US Tariffs' Impact
The imposition of steep US tariffs has severely strained India's textile industry, particularly affecting exports to the United States, which is India's largest
single market. Actions by the US, including a 25% tariff and an additional 25% penalty on oil-related imports, are causing significant disruption, leading to order cancellations and job losses. The Apparel Export Promotion Council (AEPC) has warned that without an immediate resolution, the sector faces the risk of losing market share permanently. Data indicates that if these conditions continue, an estimated 30 lakh jobs are at immediate risk, with many MSME units facing closure. The impact is significant, with Tamil Nadu, accounting for 28% of India’s textile exports, being particularly affected. A study indicates that sustained 50% tariffs could result in a 67.8% fall in US import demand for Indian textile and apparel, amounting to a $6.6 billion decrease.
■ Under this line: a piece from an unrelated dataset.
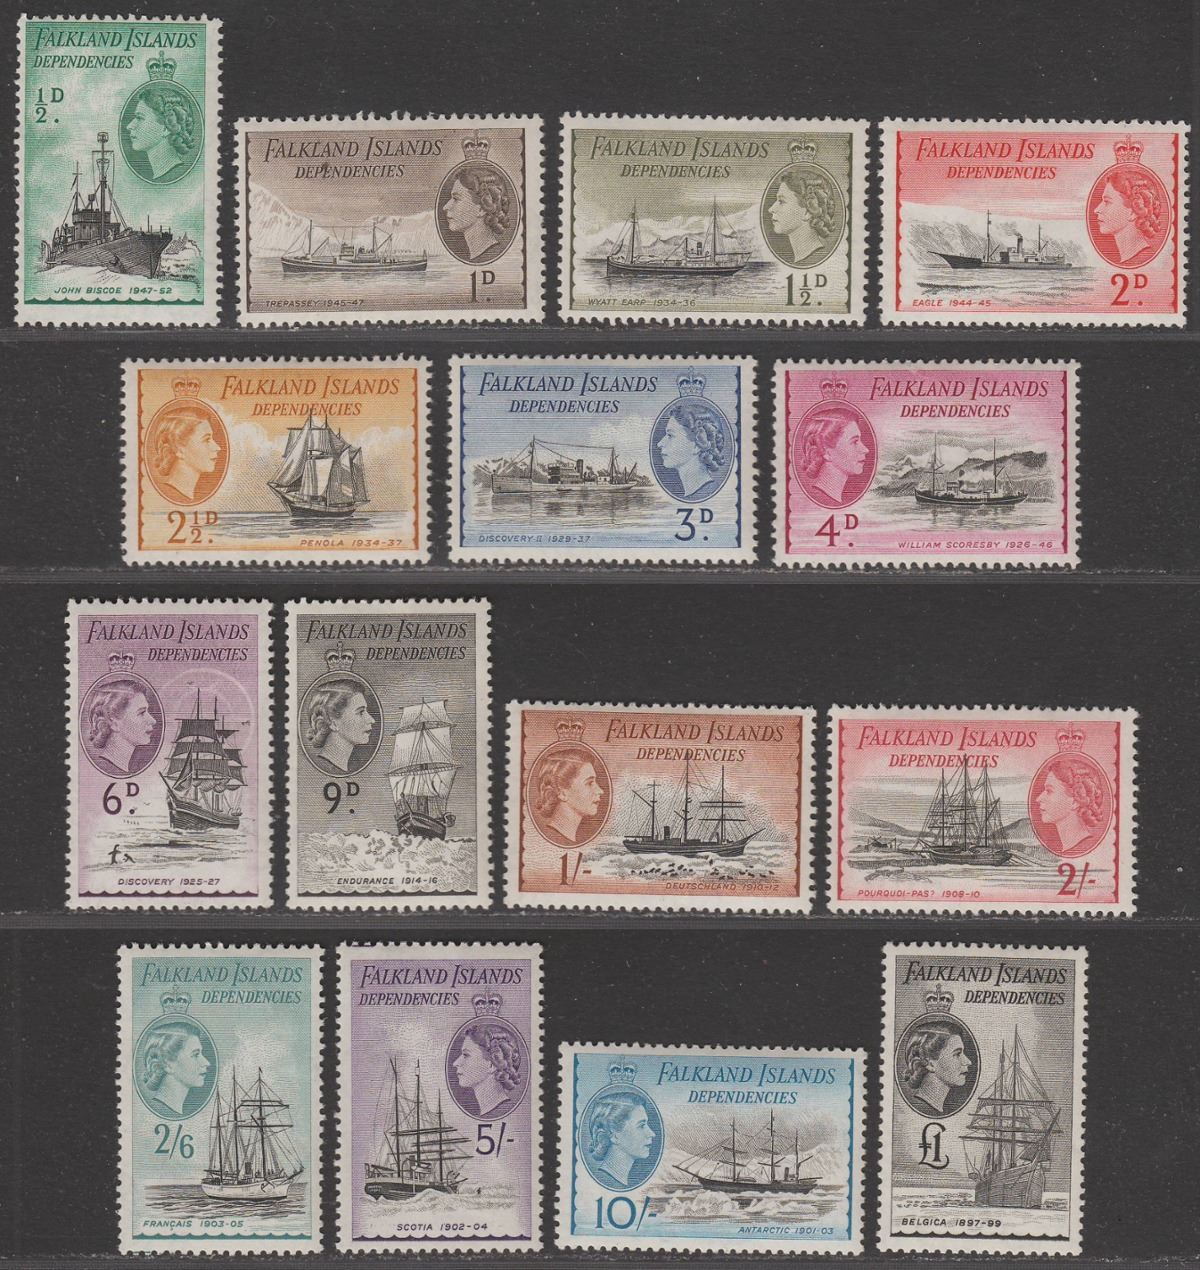 Falkland Islands Dependencies 1954 QEII Ships Set Mint SG G26-G40 cat £225

Budget Initiatives Unveiled
In response to the challenges, the Union Budget presented by Finance Minister Nirmala Sitharaman includes an integrated program designed to modernize the labor-intensive textile sector. This plan comprises various sub-parts targeting different aspects of the supply chain. Specific schemes introduced include the establishment of mega textile parks under a “challenge mode,” focusing on value addition in technical textiles. A National Fibre Scheme for self-reliance in natural and man-made fibers is also proposed. Furthermore, the budget includes the Mahatma Gandhi Gram Swaraj initiative, designed to strengthen khadi, handloom, and handicrafts, focusing on global market linkage and branding, along with support for training, skilling, and production quality. Another important feature is the Tex-Eco Initiative, aimed at promoting globally competitive and sustainable textiles and apparels, alongside the Textile Expansion and Employment Scheme to modernize traditional clusters. Lastly, the Samarth 2.0 initiative will modernize and upgrade the textile skilling ecosystem.
Addressing the Crisis
Despite the budget announcements, some analysts and industry players express concerns that the measures may not be enough to mitigate the immediate challenges posed by US tariffs. Exporters are facing liquidity issues and have urged the government to share at least 25% of the tariff burden to maintain their presence in the US market. The loss of nearly $2 billion worth of textile orders, usually placed in December and January, underscores the urgency of the situation. Some competing economies, such as Bangladesh and Vietnam, which have lower US tariffs, are benefiting from orders that Indian exporters are missing. Furthermore, even if the additional 25% tariff on Russian oil is removed, a negative demand effect of about $2.1 billion is still expected, representing a 21.6% fall in imports across various product categories. The Finance Minister's initiatives signal an intent to address long-term issues but have been criticized for potentially overlooking immediate concerns of the sector.
Key Market Insights
The US is the single-largest market for India's textile and apparel exports, making it a critical focus area for the industry. In the financial year 2024-25, exports to the US were nearly $11 billion, accounting for close to 28% of India’s total exports of these products. Research highlights that the fall in import demand is highest for 'made-ups' ($921 million) and apparel ($788 million), which together account for an 81% decline in import demand. Industry players are calling for targeted intervention, including interest subventions, export incentives, and tax relief to support the sector. Given the high employment rates in the textile sector, these conditions have become a matter of national concern. Overall, the industry demands quick and effective action to sustain its foothold in the global textile market.